LA TARANTA CONTINUA A...PIZZICARE

Bellissima  serata nelle prove del concerto della Notte della Taranta

 

Un’atmosfera rilassata e piacevole si respirava ieri sera a Melpignano. Già dalle prime ore di un assolato pomeriggio di agosto,  centinaia di persone si erano sistemate sul piazzale dell’ex convento degli Agostiniani per assistere alle prove del concerto. Man mano che i colori del tramonto  si riflettevano sul grande palco, le centinaia diventavano migliaia  sempre in un composto atteggiamento di relax e sana voglia di ascoltare musica, senza  eccessi e senza disordini.

Persone di tutte le età erano lì in paziente attesa. C’erano gli asciugamano  stesi sull’erba e famiglie intere con sedie e sgabelli per non stancarsi durante il  lungo concerto e poi  comitive di amici organizzati con tutto l’occorrente come per una simpatica scampagnata.

Bimbi che saltellavano sul prato, ragazzi col tamburello che improvvisavano ballate, coppie di anziani con le loro sedie a sdraio e il volto sorridente rivolto verso il palco in attesa di quella nota, di quella canzone che li rimandasse  un po’ indietro nel tempo, quando da giovani improvvisavano balli e canti in casa, tra amici.

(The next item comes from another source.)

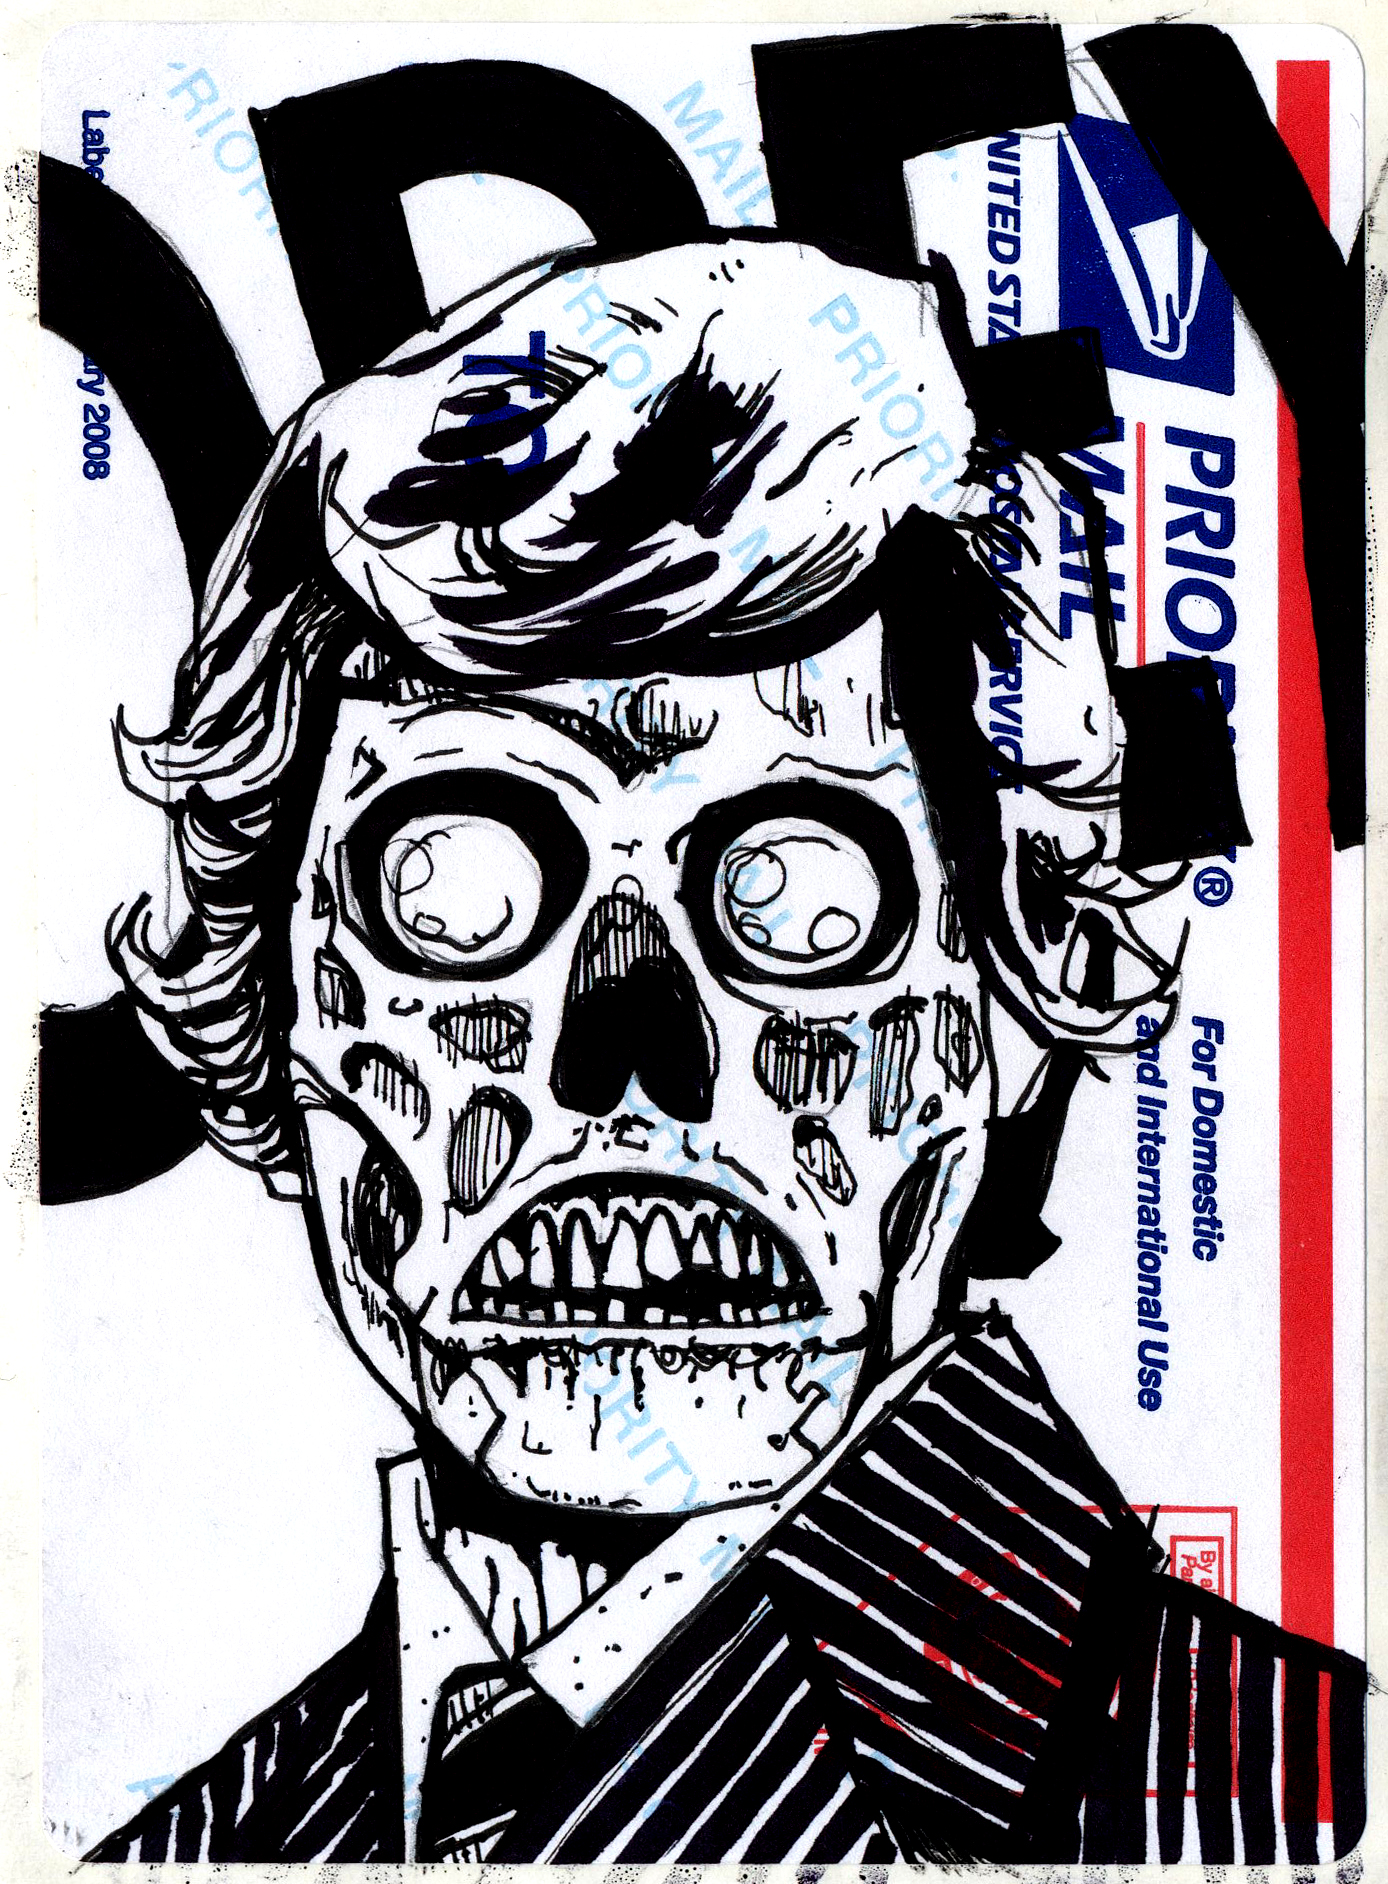 they live wallpaper,illustration,poster,fictional character,font,graphic design

Intorno alle 18,30 si comincia a sentire qualche accordo, qualche ritornello di canzone e tutti  attendono, in trepidante attesa, l’inizio vero e proprio.

L’atmosfera è coinvolgente con un pubblico composto e attento, intenzionato solo a sentire la musica. Nessuna “esibizione” di  bottiglie di birra o di altri alcolici, né ragazzi sfrenati alla ricerca di emozioni estreme e trasgressive scalmanati e urlani...no, niente di tutto questo.

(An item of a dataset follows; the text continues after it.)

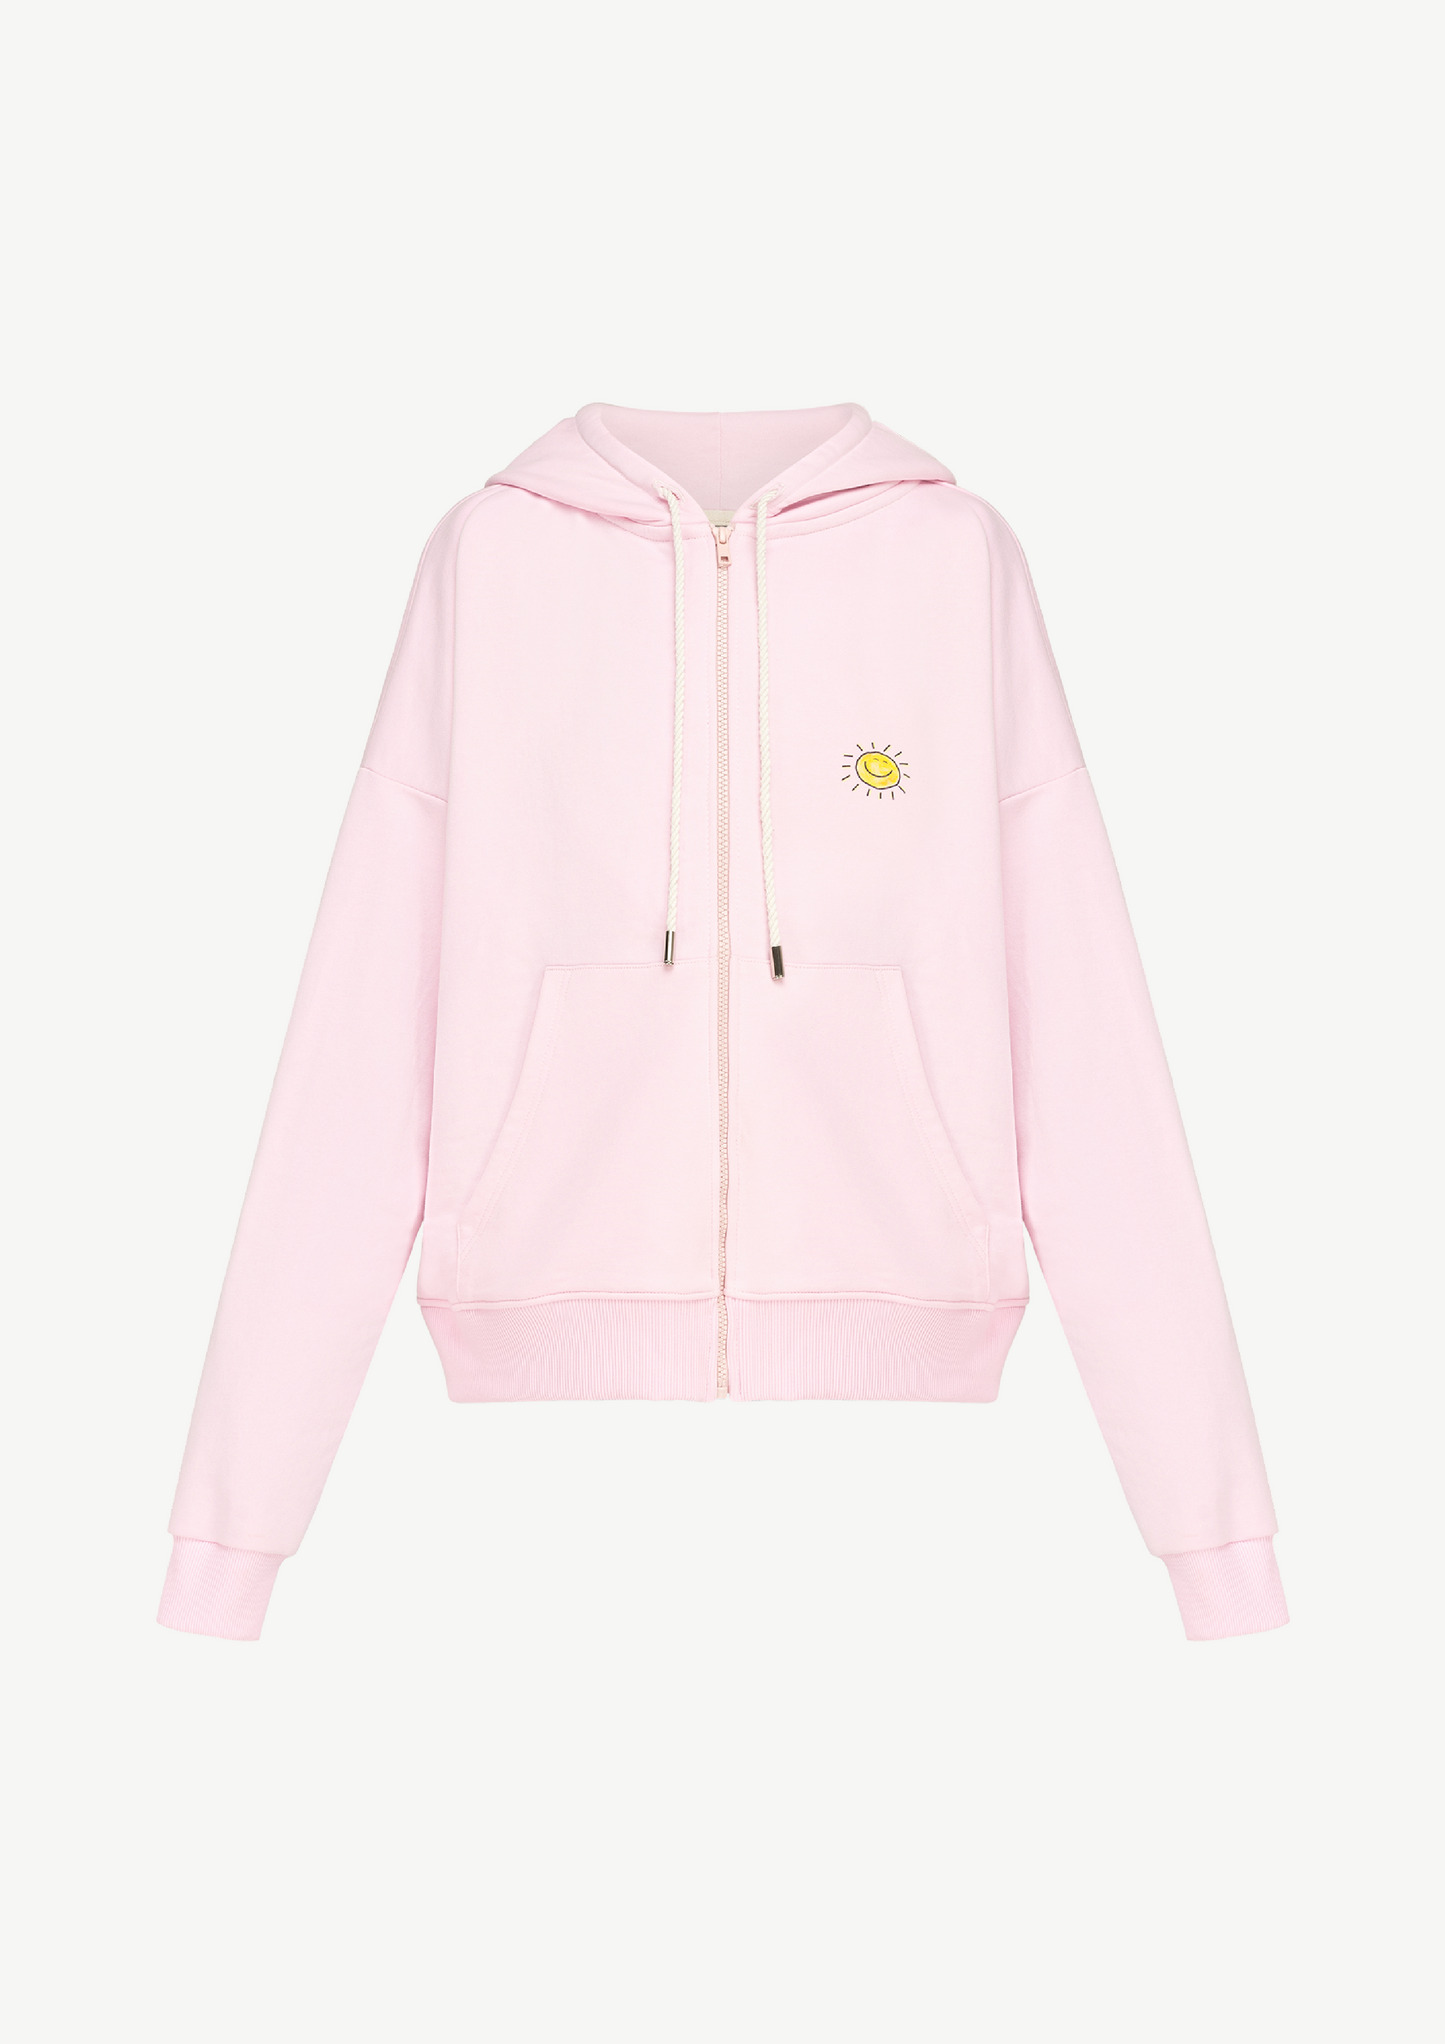 «The sun» Hoodie In Pink

Piacevole e moderatamente allegro, questo è il pubblico della vigilia. Mi auguro che anche quello del concerto, quest’anno,  sia  così splendidamente  composto.

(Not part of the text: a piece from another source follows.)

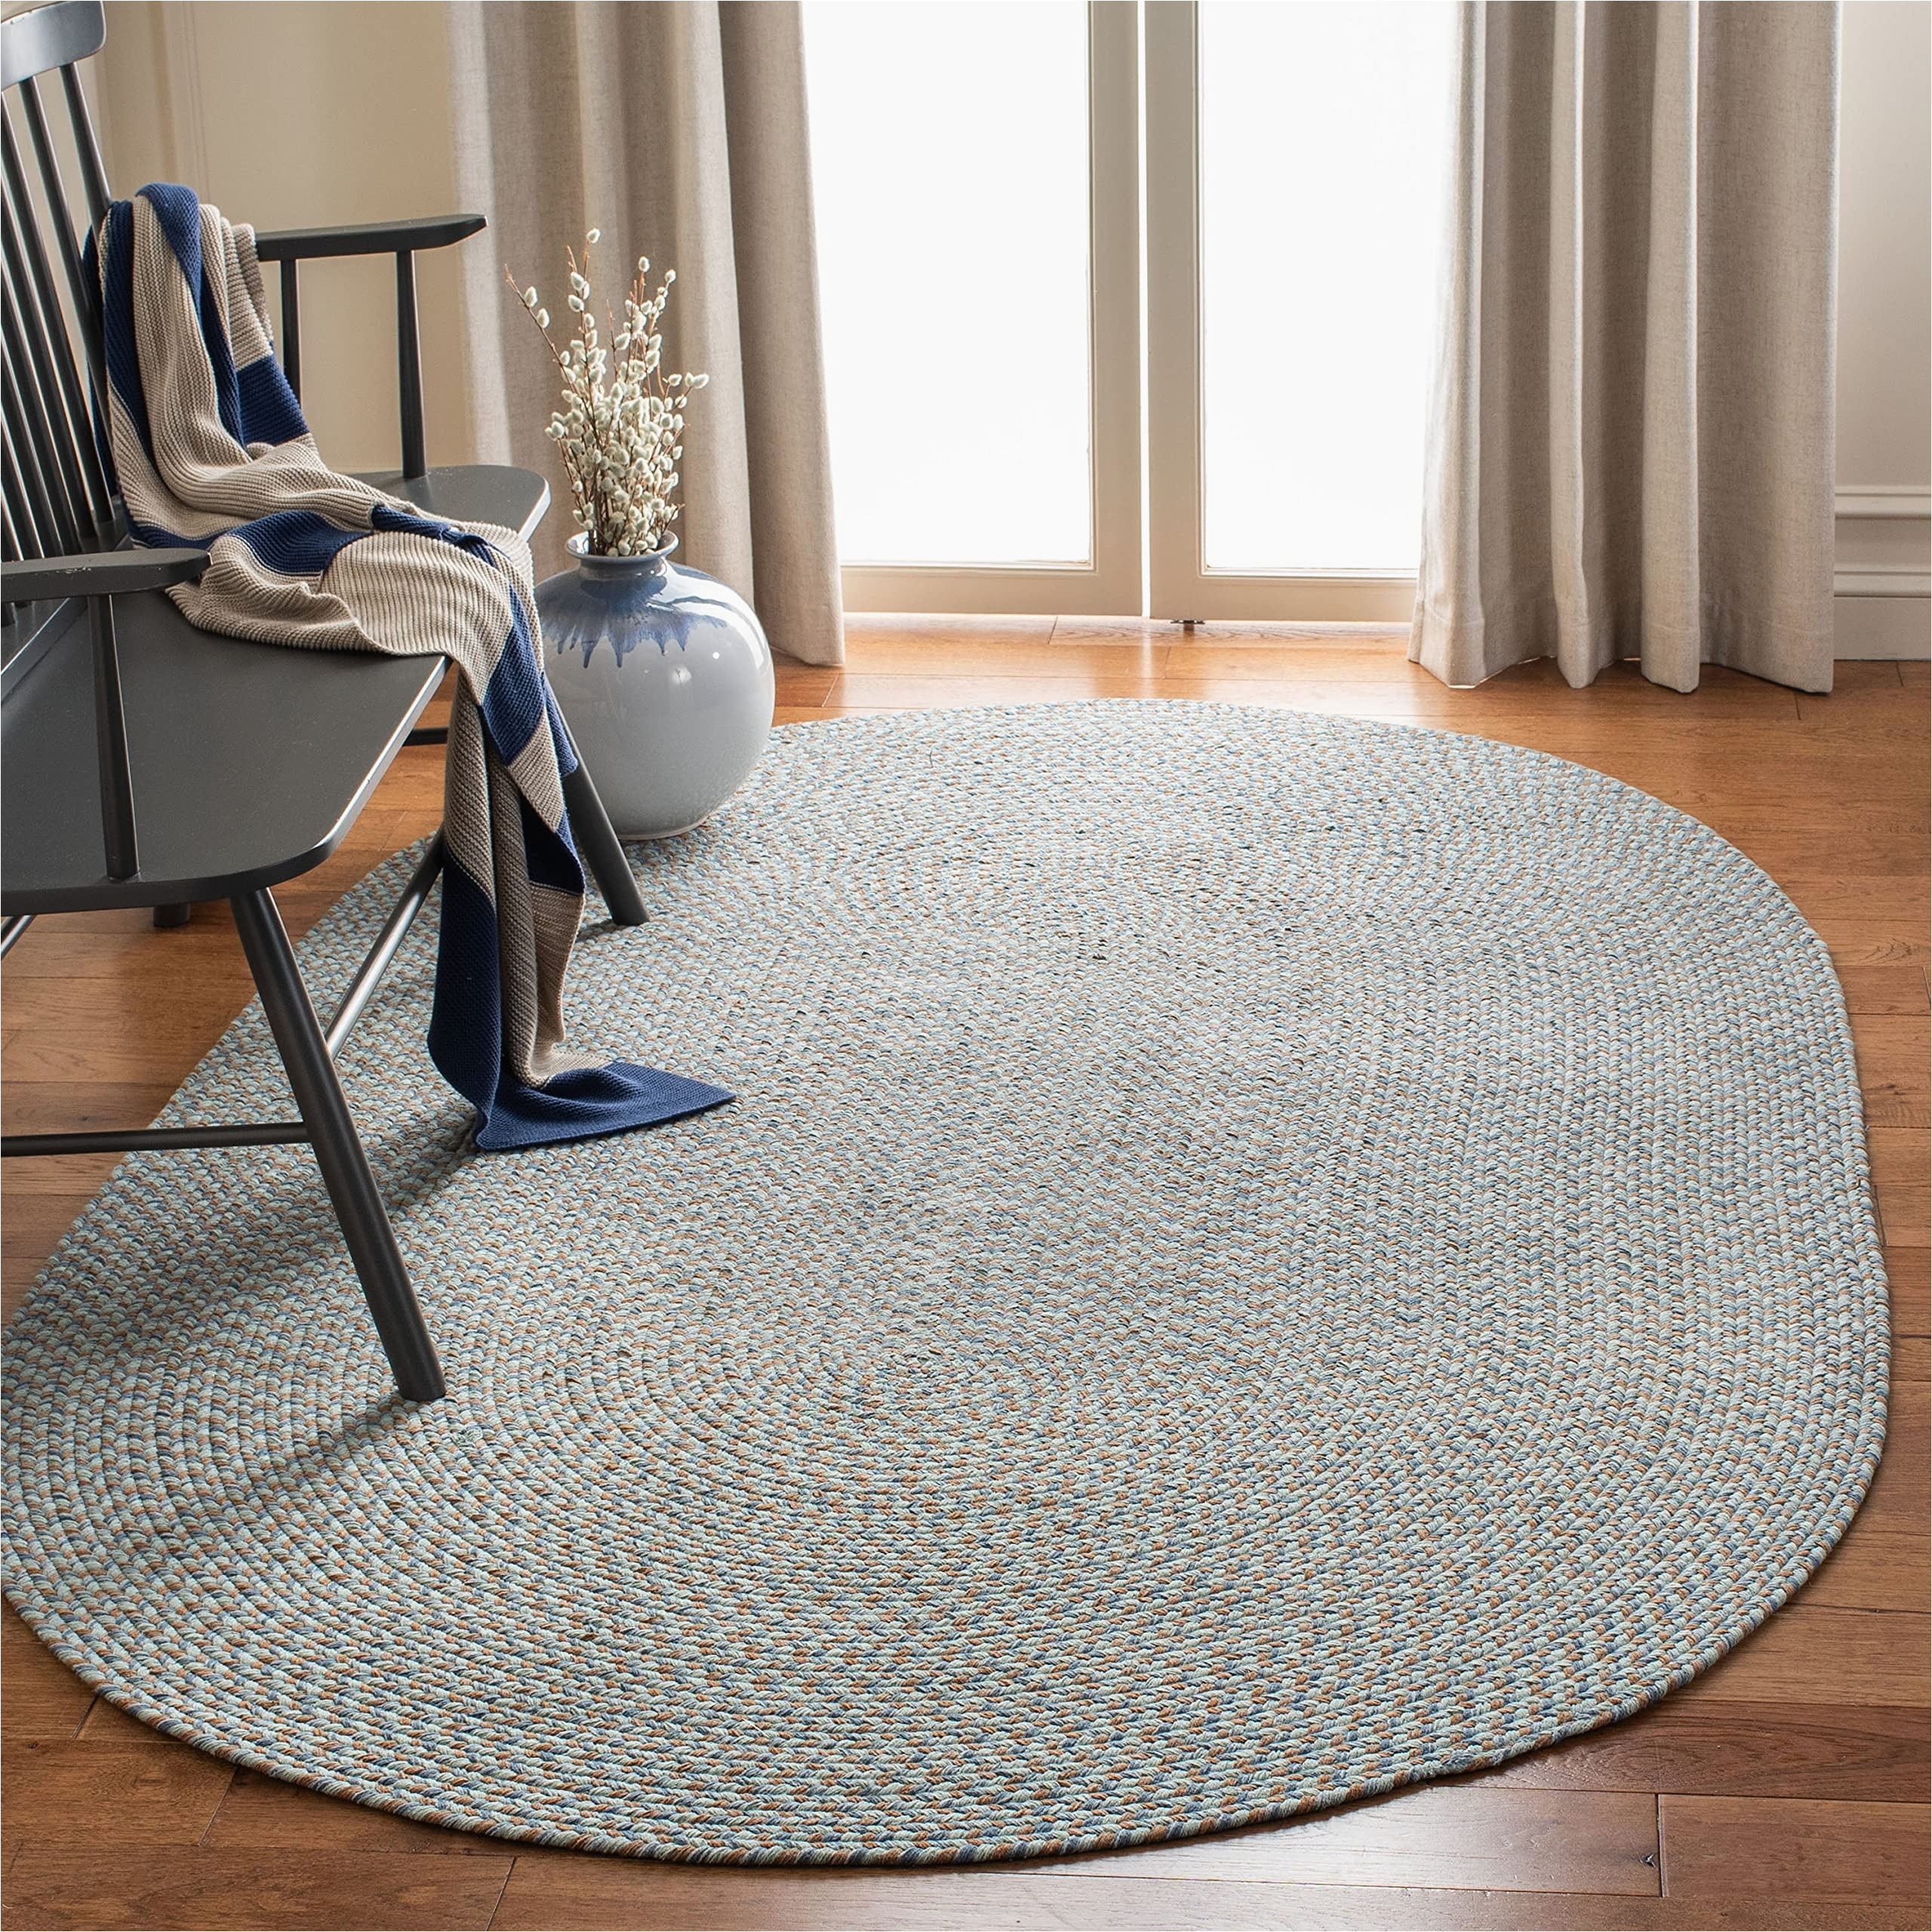 Oval area Rugs 6 X 8 Safavieh Braided Collection Brd170a Handmade Country Cottage Reversible Cotton area Rug, 8′ X 10′ Oval, Multi

Tornando alle prove, verso le  20,30-21,00, il pubblico è cresciuto tantissimo...alla fine si parlerà di 50 mila - 60mila persone.

Applausi, tanti e tanta partecipazione con canti, balli e tamburellisti improvvisati.

Un pre concertone fantastico che lascia presupporre un concerto altrettanto bello! Fortissima come sempre l’emozione che si prova ad essere  lì  “dentro” la musica e poco importa che siano prove e non il concerto vero e proprio:  lei come un vortice magico ti avvolge e coinvolge.

Quando i musicisti, con i loro strumenti, hanno iniziato a suonare è calato il silenzio,  ma quando “entrava in scena” il suono incalzante dei tamburelli, riusciva a rendere  magica una normalissima serata d’agosto.

Grande Phil Manzanera, bravissimo Paul Simonon, il bassista dei Clash, grande anche il batterista Tony Allen e la meravigliosa violinista Anne Phoebe; fantastico Antonio Castrignanò e gli altri artisti salentini, grandioso Ligabue che ha saputo accostarsi alla nostra musica popolare con rispetto ed umiltà come solo un grande artista sa fare. Ascoltare "Beddhra ci dormi", cantata da lui, non ha prezzo.